Being curious matters in exploring the limits of AI. Testing systems, use cases, and thinking about ways it can be improved are all hallmarks of this trait. However, being curious about the technology does not mean that you’ve adopted it. We need nuance at all levels and far too many people are being armchair critics without testing generative systems to their full extent.
We Need Authentic Relationships
The age of Large Multimodal Models is upon us and true agentic systems may not be far off. We cannot sleepwalk into this new era. Unchecked adoption of generative systems in education that create synthetic relationships with machines, mimicking human connection threatens the very foundation of what makes us human. Our ability to form authentic bonds, to communicate deeply, to be vulnerable—these are the cornerstones of growth. Ceding human experience to programmed algorithms will fundamentally alter the definition of our relationships.
The path we take now will define the world we will live in. I hope we see more curious skepticism and less isolated view points that only echo in our perspective silos. We need to get more people involved and talking about the most basic needs of education and that isn’t teaching kids to pass a test. Connections, real human connections, matter more in the wake of the pandemic than before. Lean into those relationships. Rediscover them. Otherwise, they might be automated away.
Some Recent Interviews and Podcasts
July was another busy month of interviews and Podcasts and I was really happy to sit down for quite a few of them about the need for transparency and openness for educators using AI in instructional design.
Jeff Young from EdSurge: Should Educators Put Disclosures on Teaching Materials When They Use AI?
Stephanie Verkoeyen from AI Dialogues: The need for transparency and ongoing dialogue
Marcus Luther from The Broken Copier: How Educators Should Be thinking about AI
The human approach to reality is not through AI. In fact AI will take ones knowledge further from it and is also likely to make it harder to get there.

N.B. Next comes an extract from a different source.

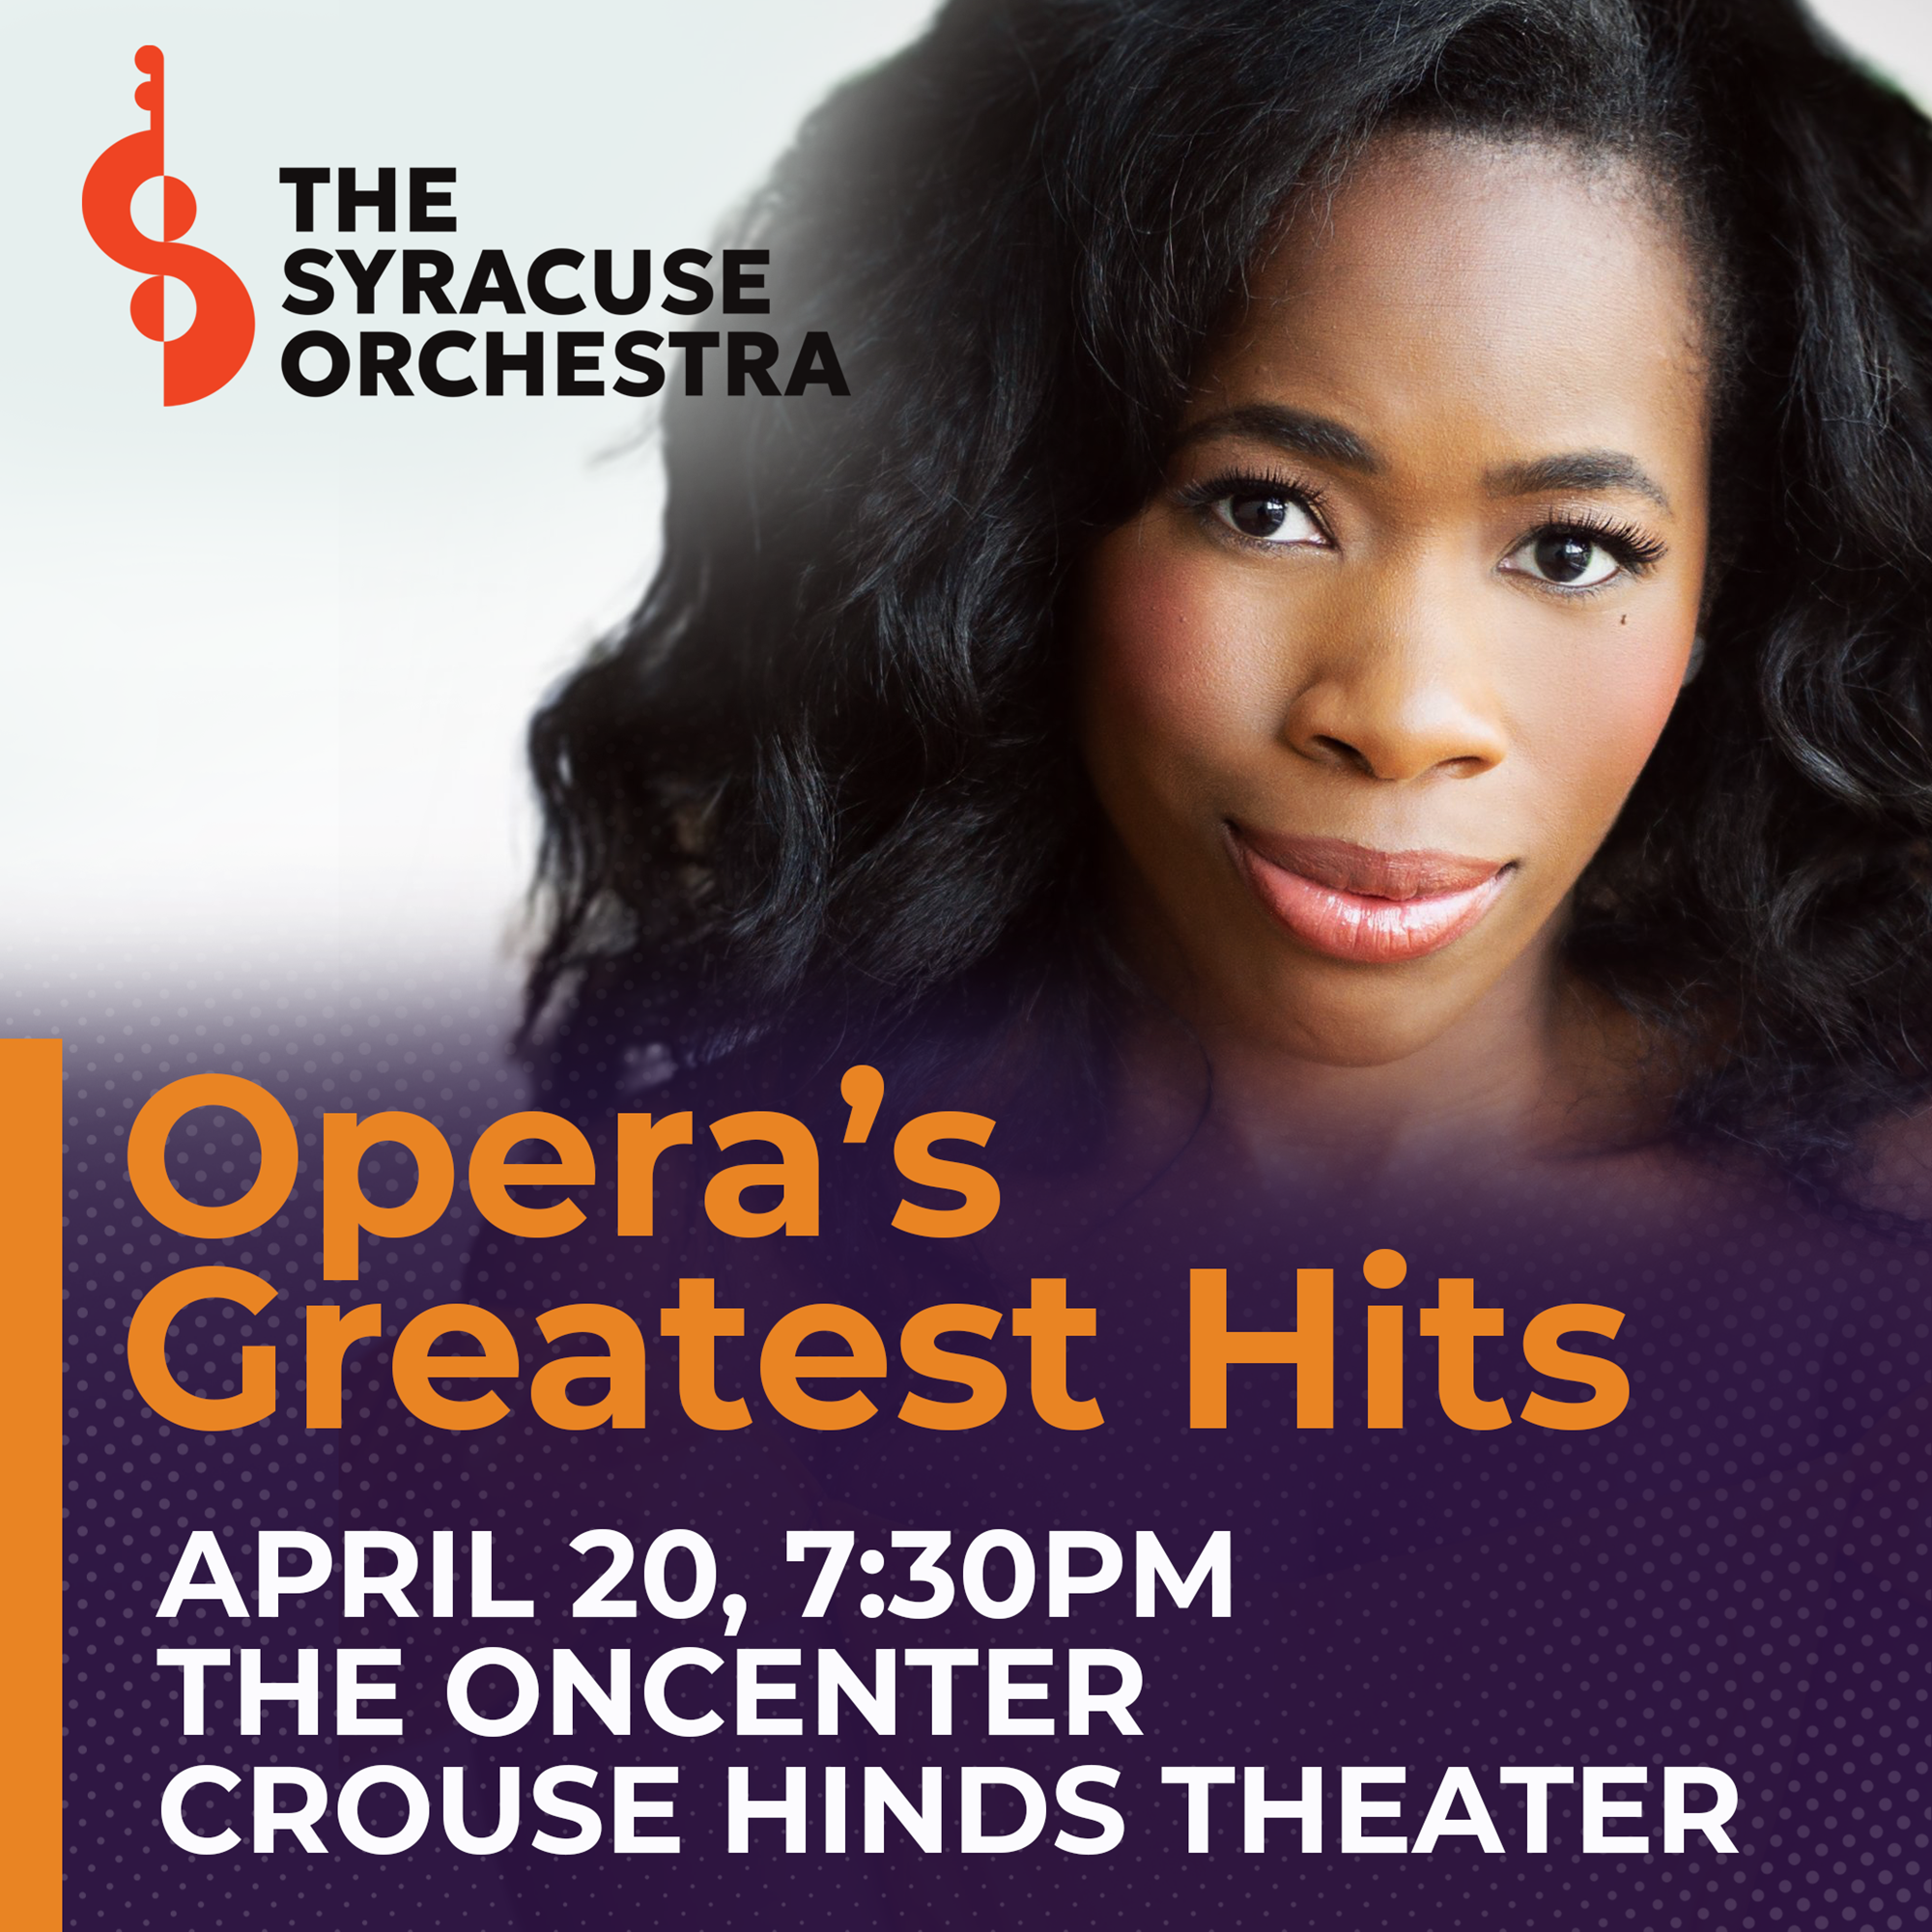 The Syracuse Orchestra presents Opera's Greatest Hits

Human approach to reality is impossible to completely achieve but our science is the best way we can approach this matter. When it comes to less scientific things about our own relationships, the degree of reality is likely to be closer, because we actually take part in these relationships. If and when AI finally manages to become a deductive method for the investigation new topics and problems, we might stand a chance in really getting something for the amount of hope and investment put into this new computerized sport. But to take it seriously, when (as an engineer with an inquisitive mind and a self nurtured logical way of thinking), I can still manage to think about what things really consist of and how they actually work (particularly in my pet subject of macroeconomics), is a still a better way than asking for a machine to do it for me!
Thank you, Marc, for sharing very human feelings one might have and experience at the presence of growing pressure ‘to normalise’ new patterns of AI intrusion into intimate web of human relationship. Covic pandemics itself left visible scars on young generation’s socialising, collaborating and human to human communication skills. I concur with you about a need to adopt critical, aka, sceptical, approach to introducing LLM to education. Educading students to be and stay humans no matter what promises they are given by tech corporations.